TASK DIRECTIONS:
Word for word, copy the listing below and leave out its images.

SOURCE MATERIAL:
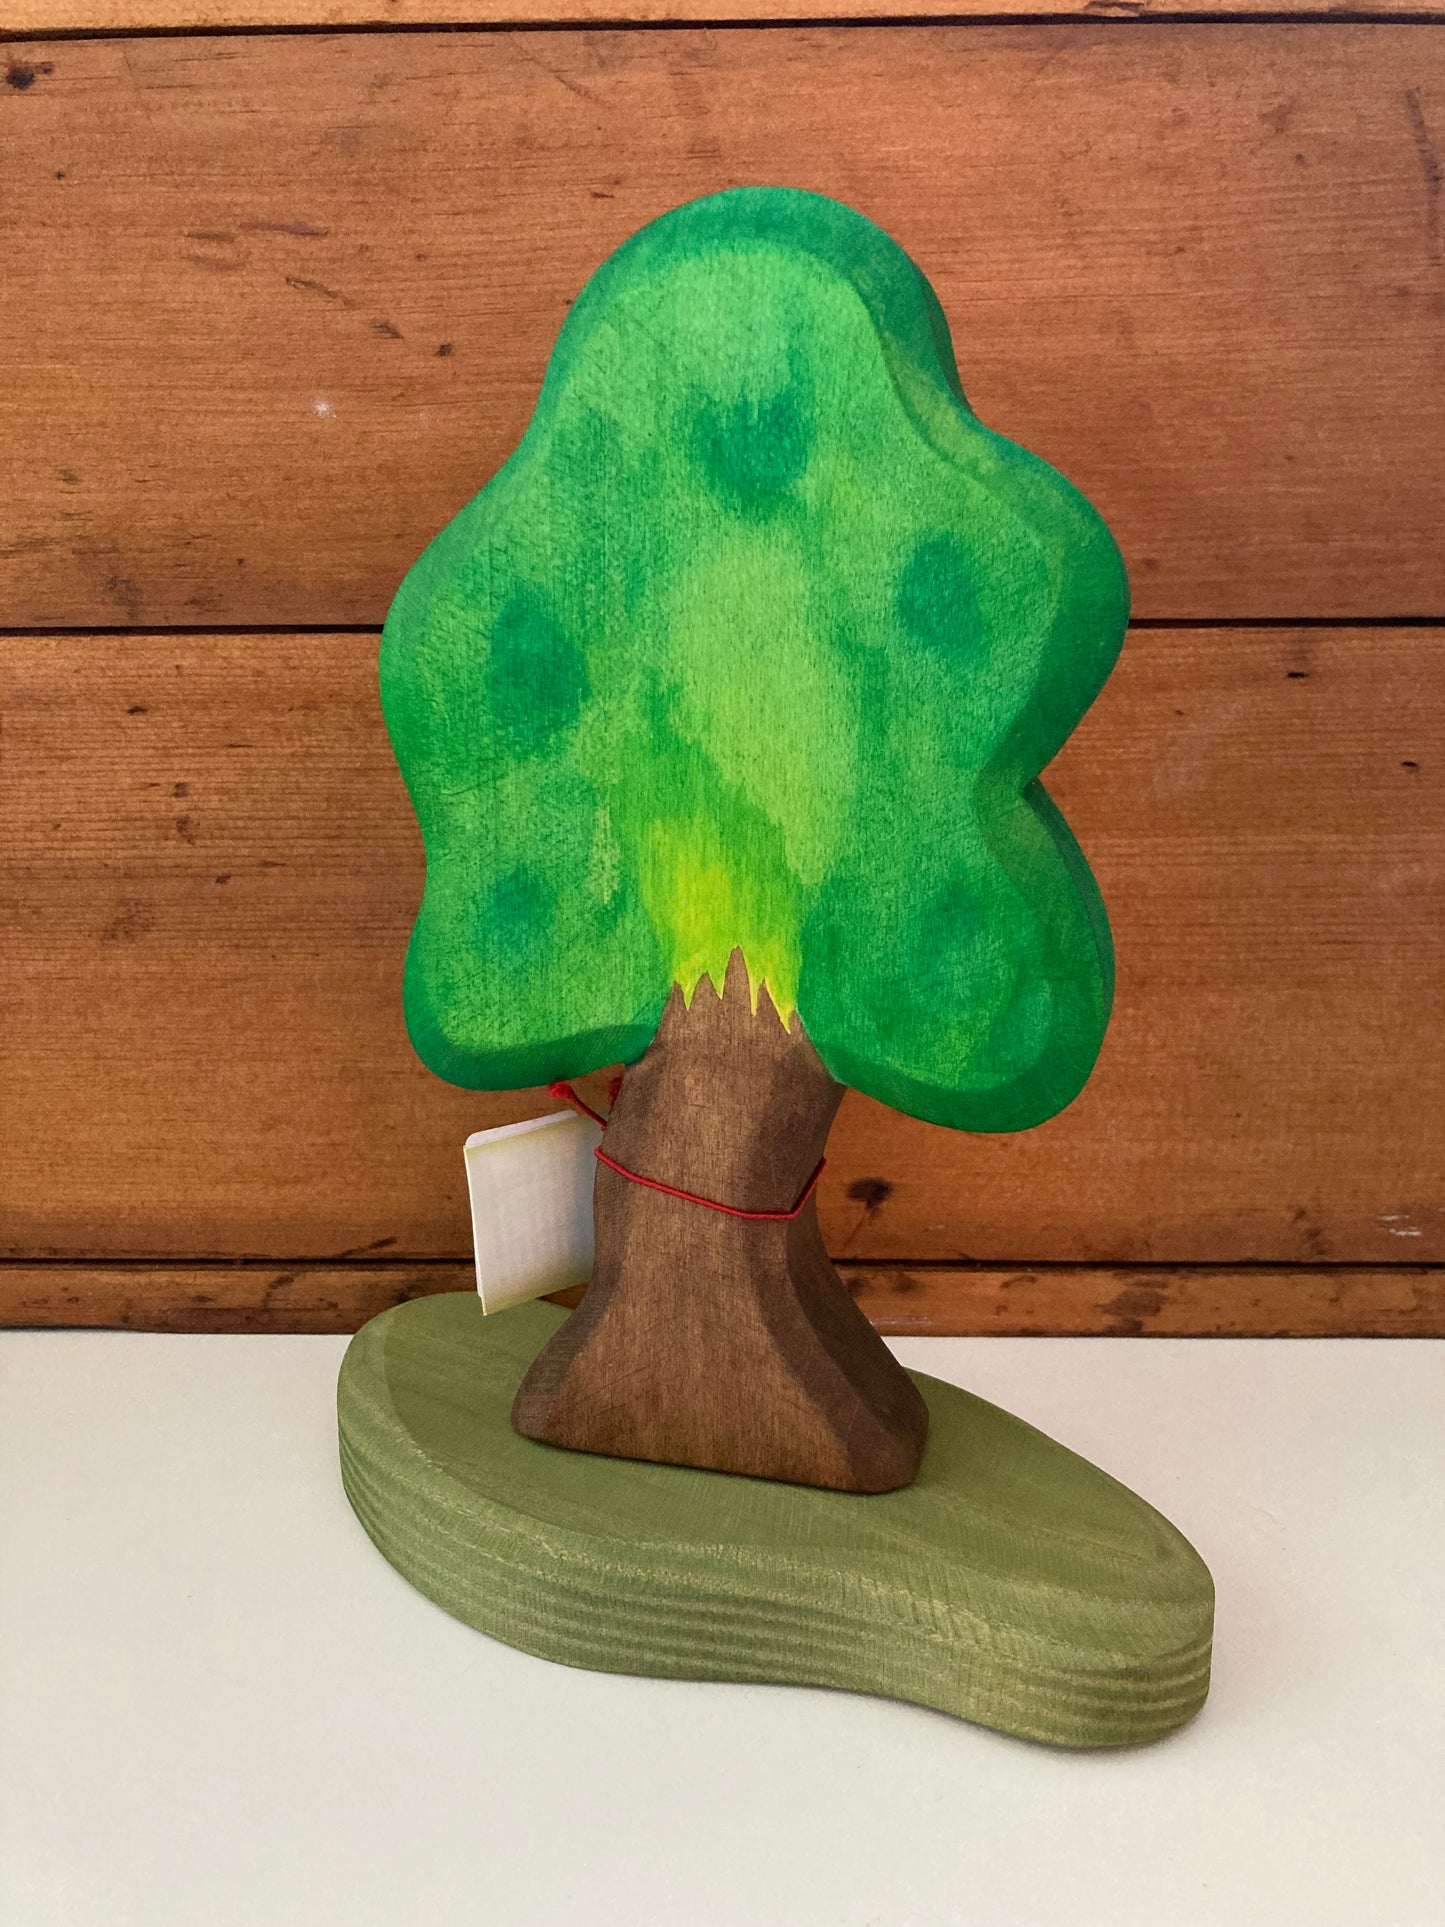 Wooden Dollhouse Play - OAK TREE
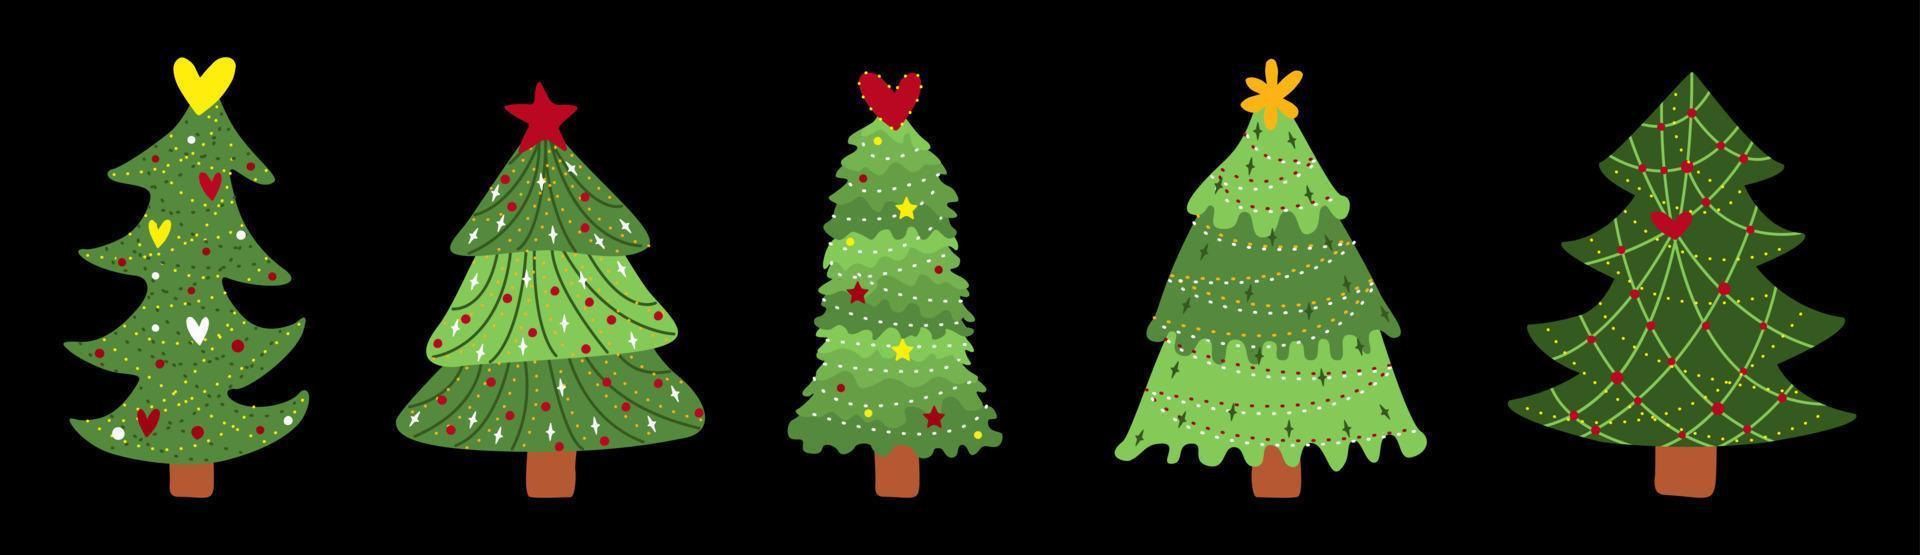 árbol de Navidad. símbolo del año nuevo. conjunto de pinos con decoración, guirnaldas, luces y estrellas. ilustración vectorial aislado. vector
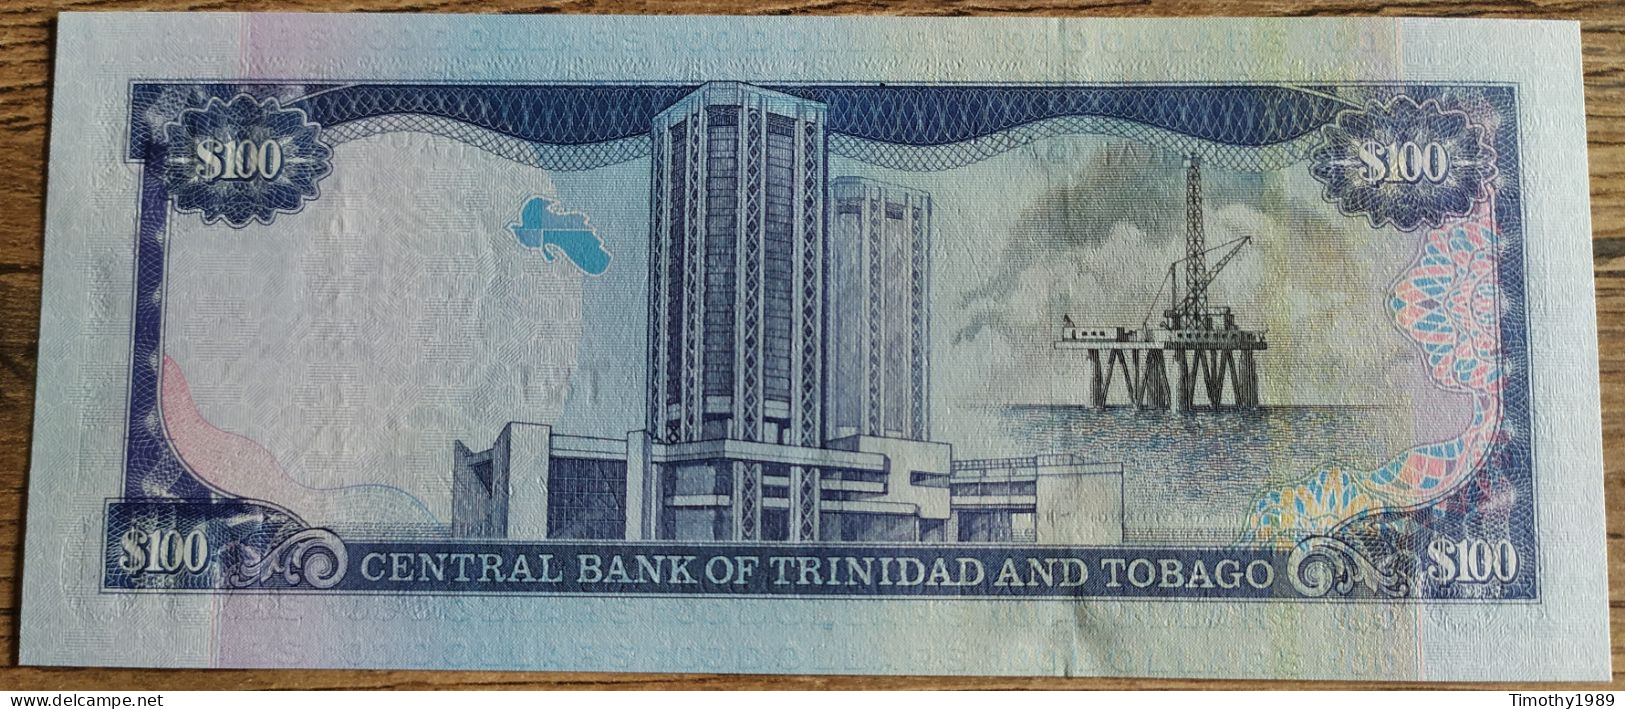 P# 45 - 100 Dollars Trinidad And Tobago 2002 - UNC!! - Trinidad & Tobago
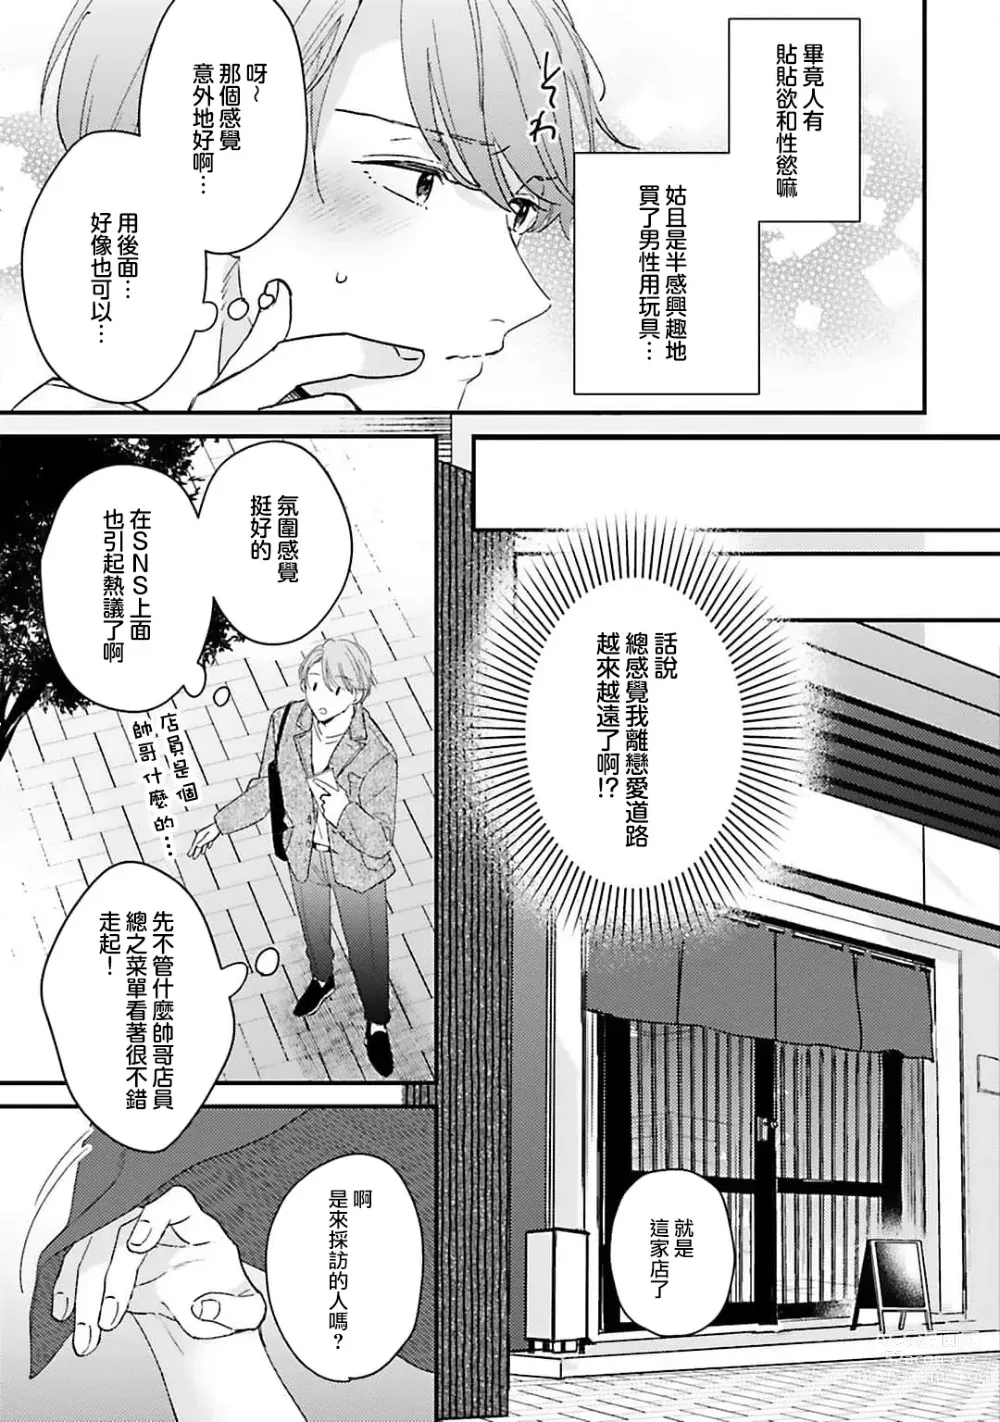 Page 6 of manga 绽放的恋爱皆为醉与甜1-5

ANSWER SPACE:
 Wooden Dollhouse Play - OAK TREE
 árbol de Navidad. símbolo del año nuevo. conjunto de pinos con decoración, guirnaldas, luces y estrellas. ilustración vectorial aislado. vector
 P# 45 - 100 Dollars Trinidad And Tobago 2002 - UNC!! - Trinidad & Tobago
 Page 6 of manga 绽放的恋爱皆为醉与甜1-5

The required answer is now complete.